Утро субботы купается в росе. Уличные деревья - липы и каштаны раньше всех начинают робко зеленеть. Загадка: сколько зелени может быть на них? Большой приезд на дачи начался. Мне навстречу машина за машиной, многие с прицепами. На них стройматериалы, бетономешалки, мебель. Большой приезд в мою империю на сорок восемь часов… Бушующая, обласканная ветром рожь. Грустно я вспоминаю о моём детстве, о пашнях за деревней, в которых сегодня взрываются учебные гранаты советских противотанковых пушек.

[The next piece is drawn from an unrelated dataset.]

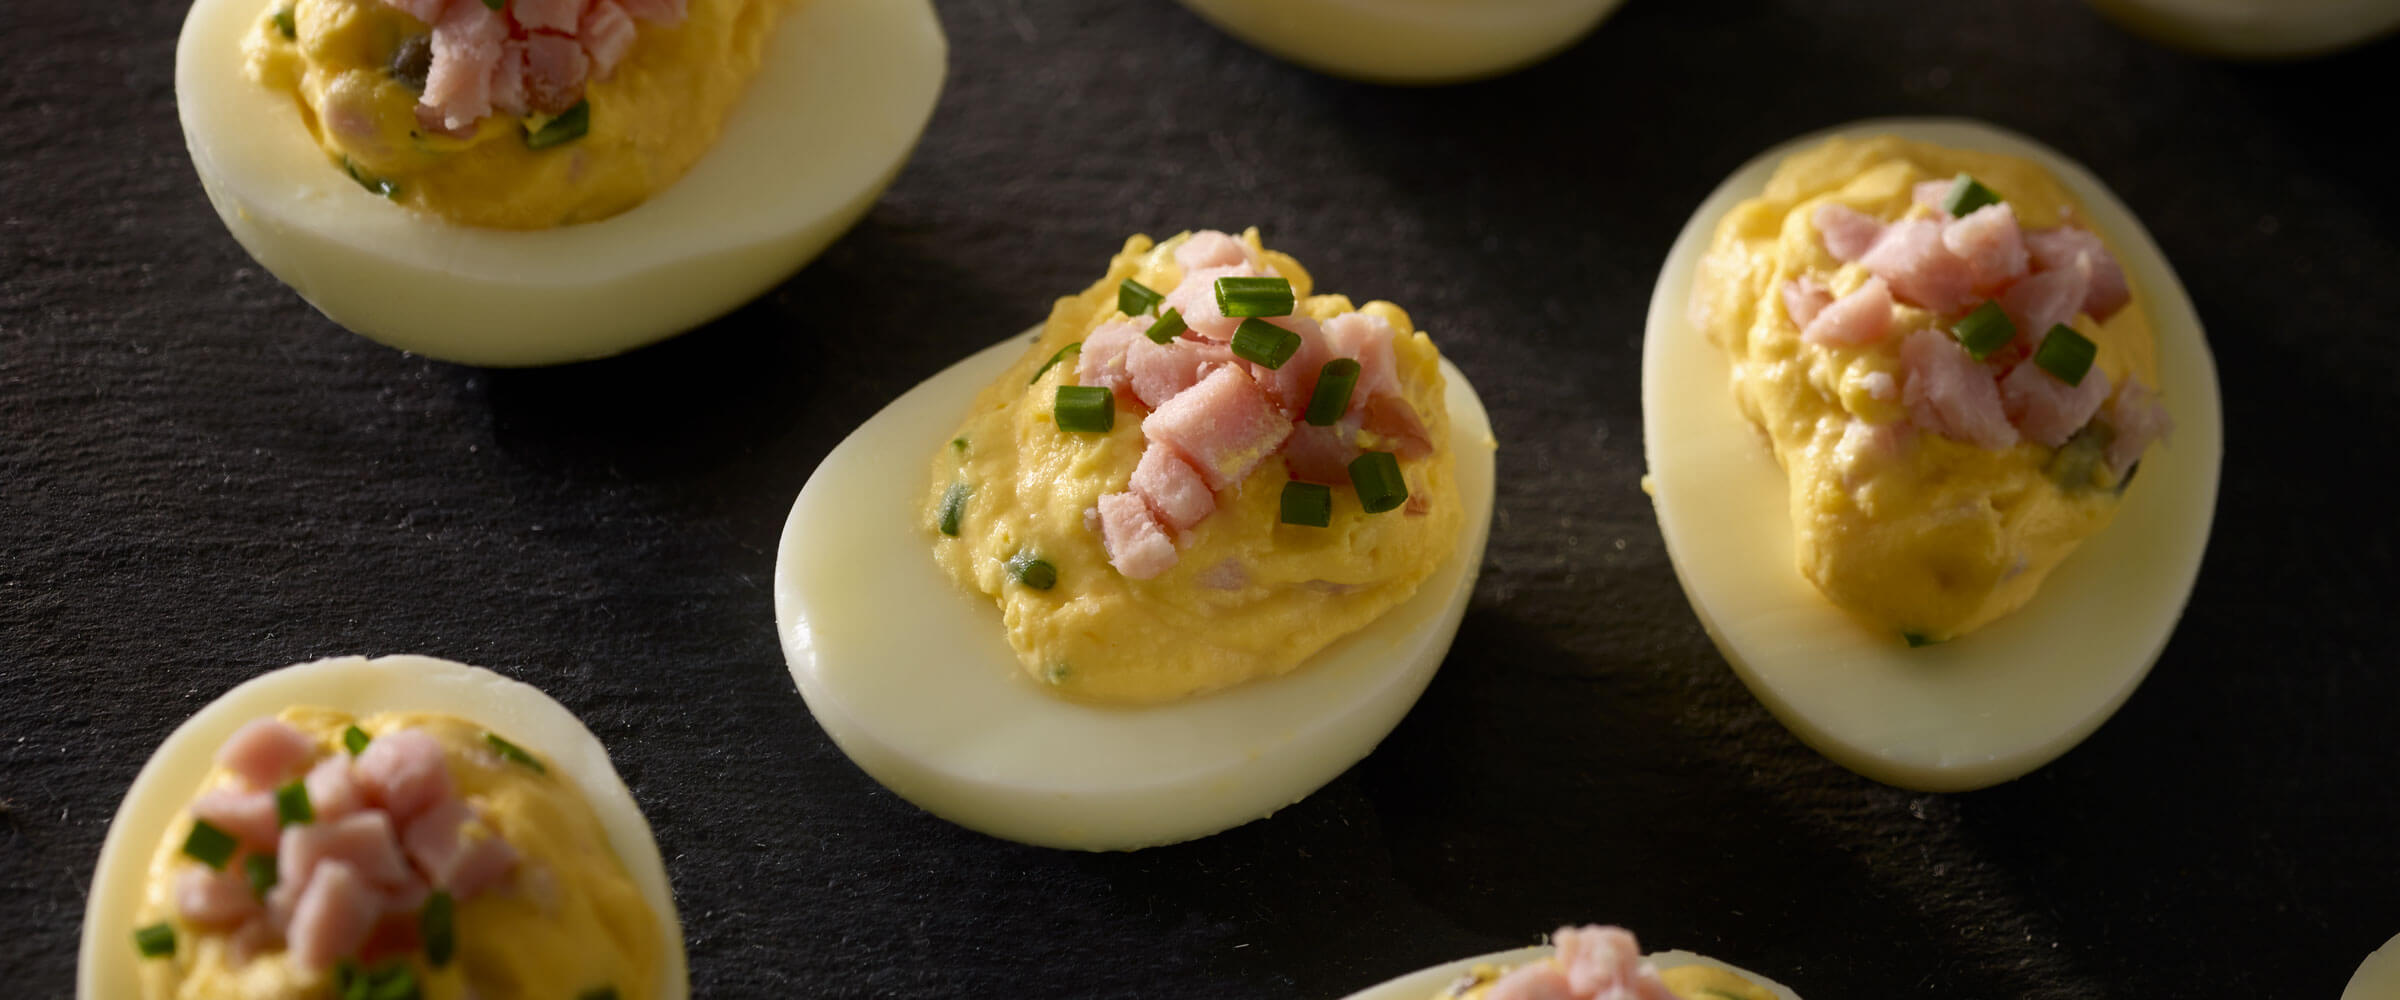 Deviled Eggs with Canadian Bacon topped with chives

Вспоминаю прогулки с отцом и матерью по полевым дорогам.
Как я хочу ещё раз со стариками пройтись по позолоченной одуванчиками тропинке… Головы холмов как будто причёсаны после тракторов.

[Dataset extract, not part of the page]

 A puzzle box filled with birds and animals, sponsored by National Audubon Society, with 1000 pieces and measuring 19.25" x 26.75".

Мой друг Вольфганг, конечно, не дома. “Где он должен быть”, говорит чуть неуклюжая, любезная жена, “он хотел поговорить с вами о каких-то растениях”.
Вокруг Дриспеха должно быть полудюжина улиц носят имя этого мужчины. По его инициативе они были усажены деревьями. Когда в прошлом году весенняя сухость истощала молодые липы и рябины, он взял поливальную машину кооператива и оббегал пол деревни, чтобы найти людей, которые помогут полить деревья.

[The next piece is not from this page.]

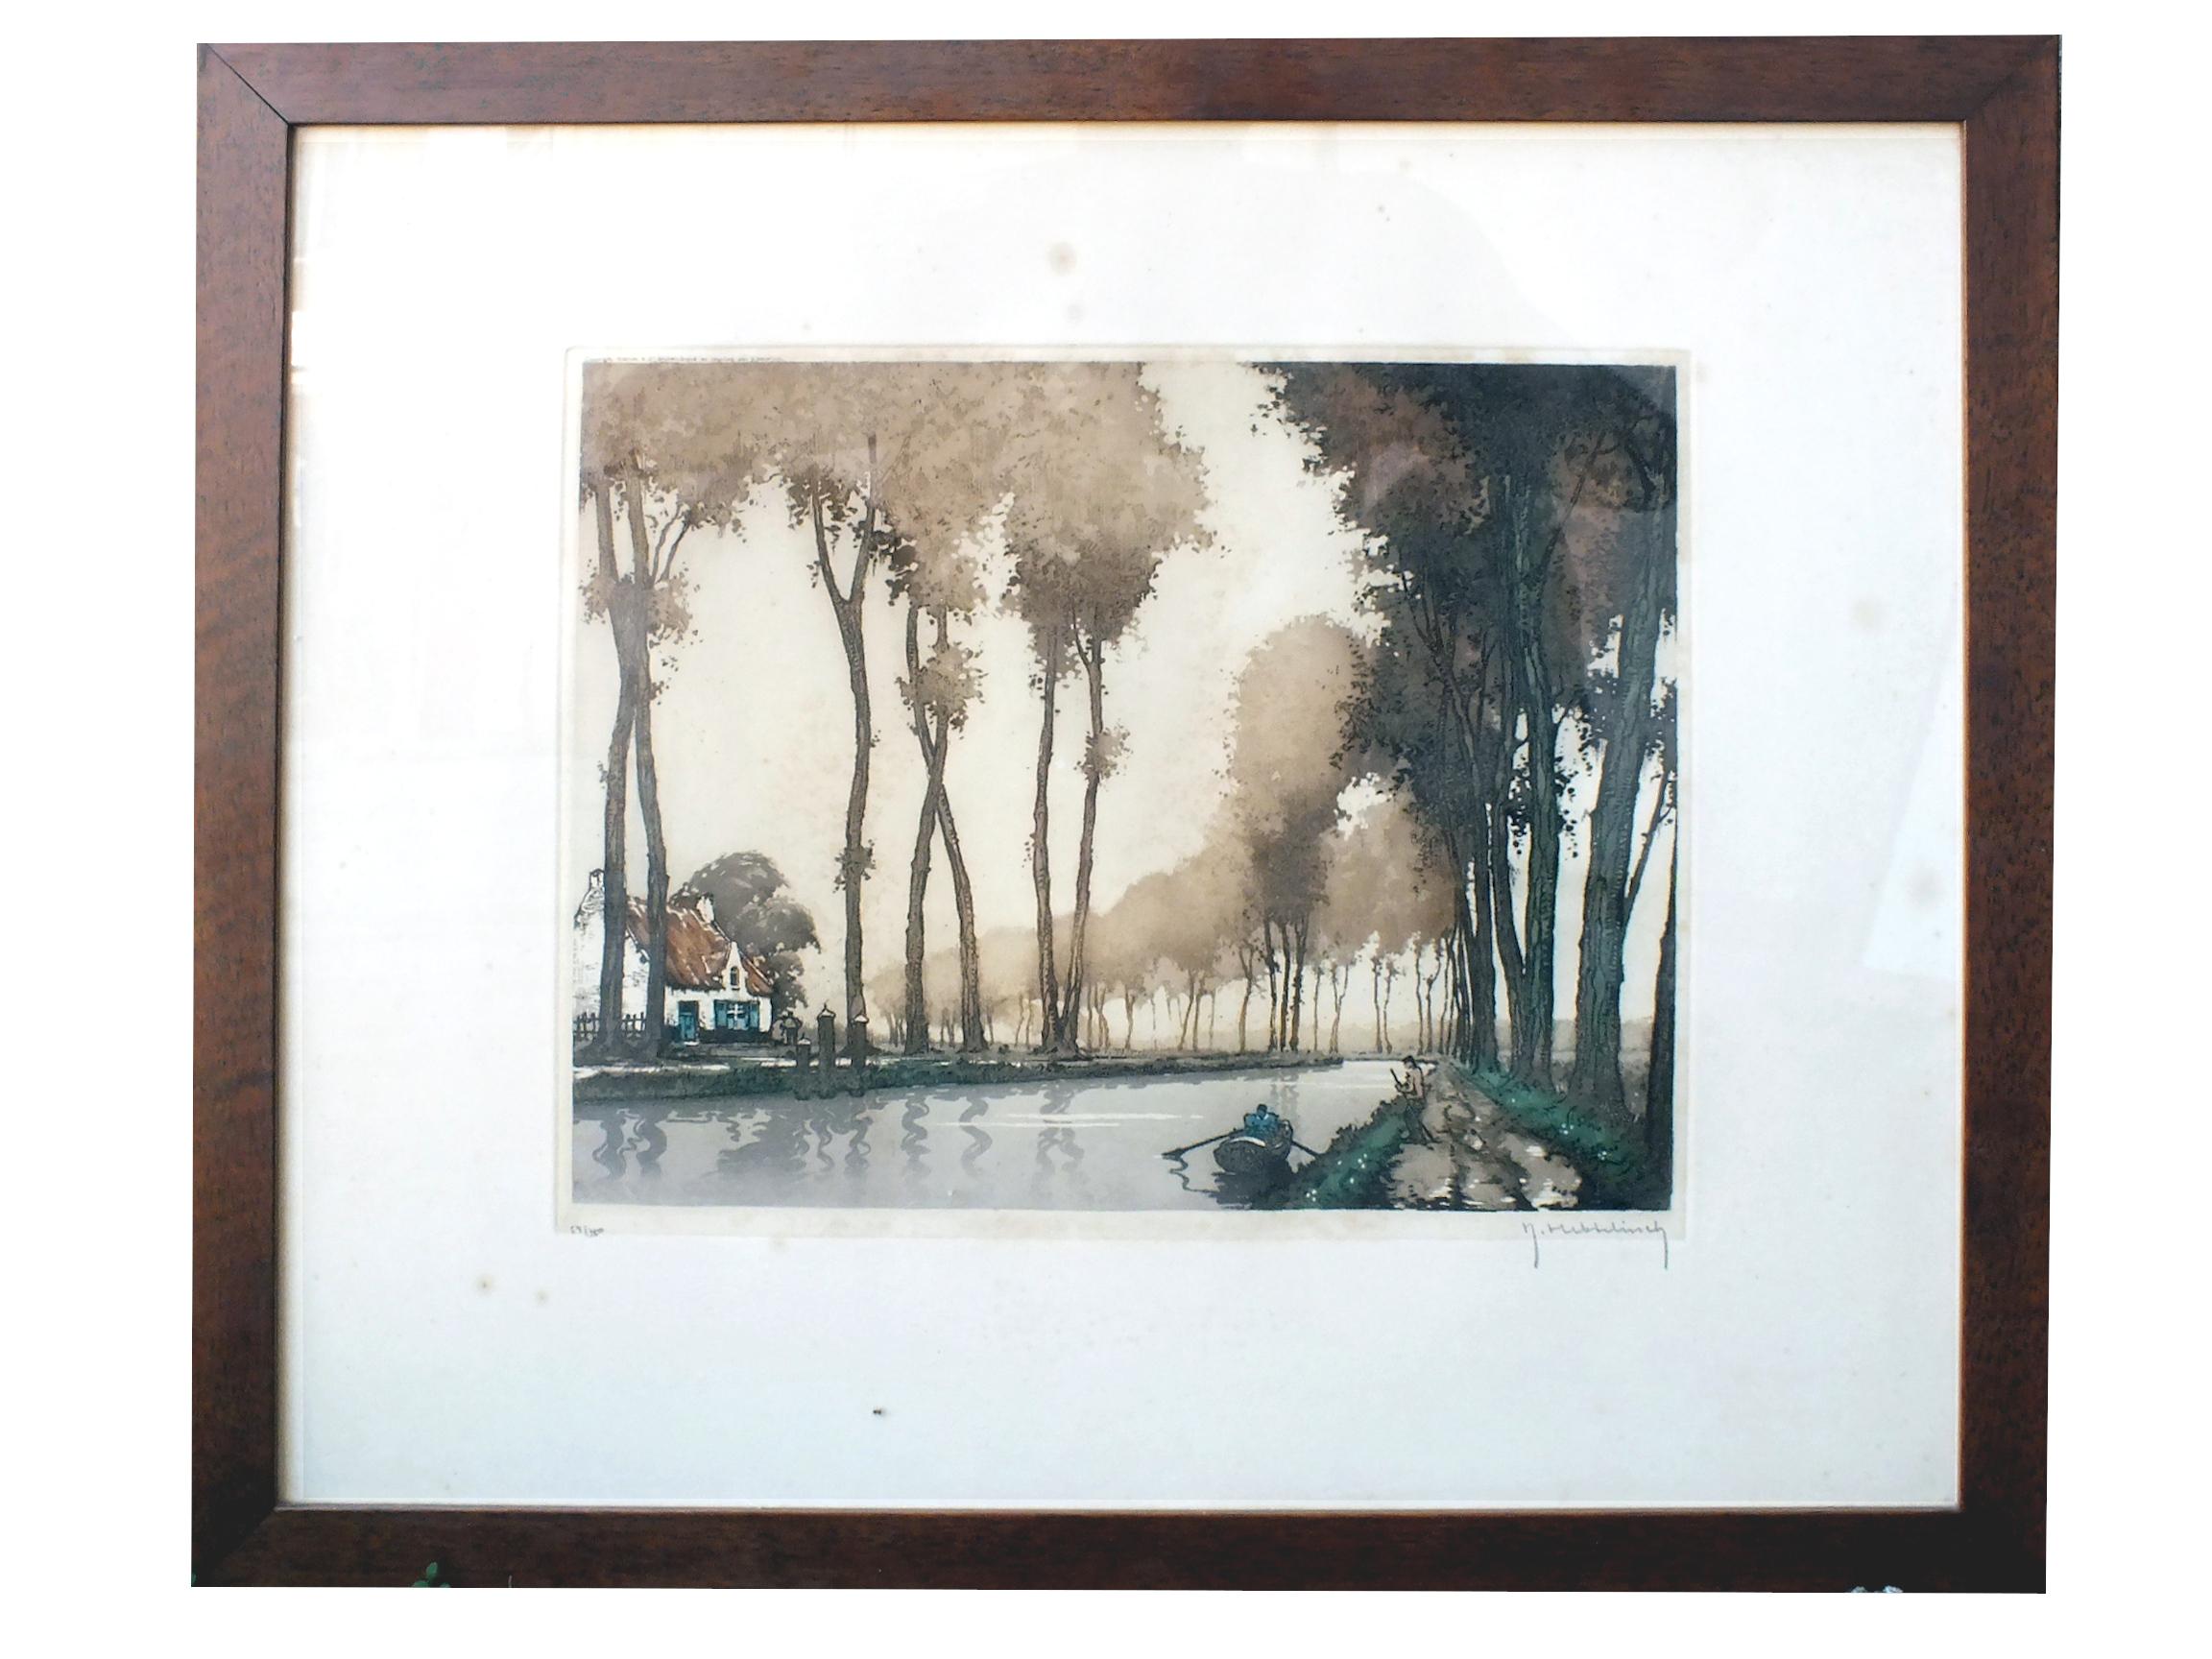 Hebbelinck Roger Belgio 1912 /1987 canal du midi' etching on paper aquatint years 1950

signed by Dietrich & C. brussels grave' et imprime' par Hebbelinck Roger

 the etching is in good condition with very light sign of time, 

 refined

Чашка кофе, любезные пятнадцать минут и двенадцать скворечников - прибыль этого утра. Пять я вешаю в саду, остальные уношу на болото.
Сумерки ткут их серую рубашку. Жаворонок напевает. Мои взгляды гуляют после его ясной песни. Я спотыкаюсь. Старый пограничный знак. Пограничный знак - предупреждающий знак: это мои владения! Пограничные знаки - иногда непреодолимые барьеры ненависти, раздора, презрения.
Резкая перемена погоды. Ломит кости. Я попросил моего сына убрать последние грядки травянистых многолетников. Теперь я вижу, что он сгрёб немного. “Хватит”. Я указываю на зелёные вершины пыреев, смело торчащие из земли. “Грабли не годятся там, где надо перекапывать”.
Сегодня я остановился у ручья и прошептал удивлённо: как он чист!
Ветер подтягивает хоры облаков на небе. Робко тихо они пробуют первую строфу их дождевой песни.
Солист в хоре: ликующий чёрный дрозд. Ветер дул с северо-востока. Теперь он дует с юга.
Откуда он ещё может дуть - прекрасная берёза должна перед ним склоняться.
Соображение: что бы было, если бы я больше не смог двигаться? Отнял ли бы один из моих детей у себя время для меня? Наверное, нелепая вещь, когда родители от подрастающего поколения ожидают благодарности.
Новая мусорная яма. Мы вырыли её между кустами бузины на западе дома. При этом лопата наткнулась на пистолет последней войны. Куда только не ступал сапог немецкого солдата?
Кто мог бросить его сюда? Дезертир, убегающий от Красной армии, как я сделал когда-то, бросив оружие в озеро около Цербста? Мой сын рассматривает револьвер с простым любопытством.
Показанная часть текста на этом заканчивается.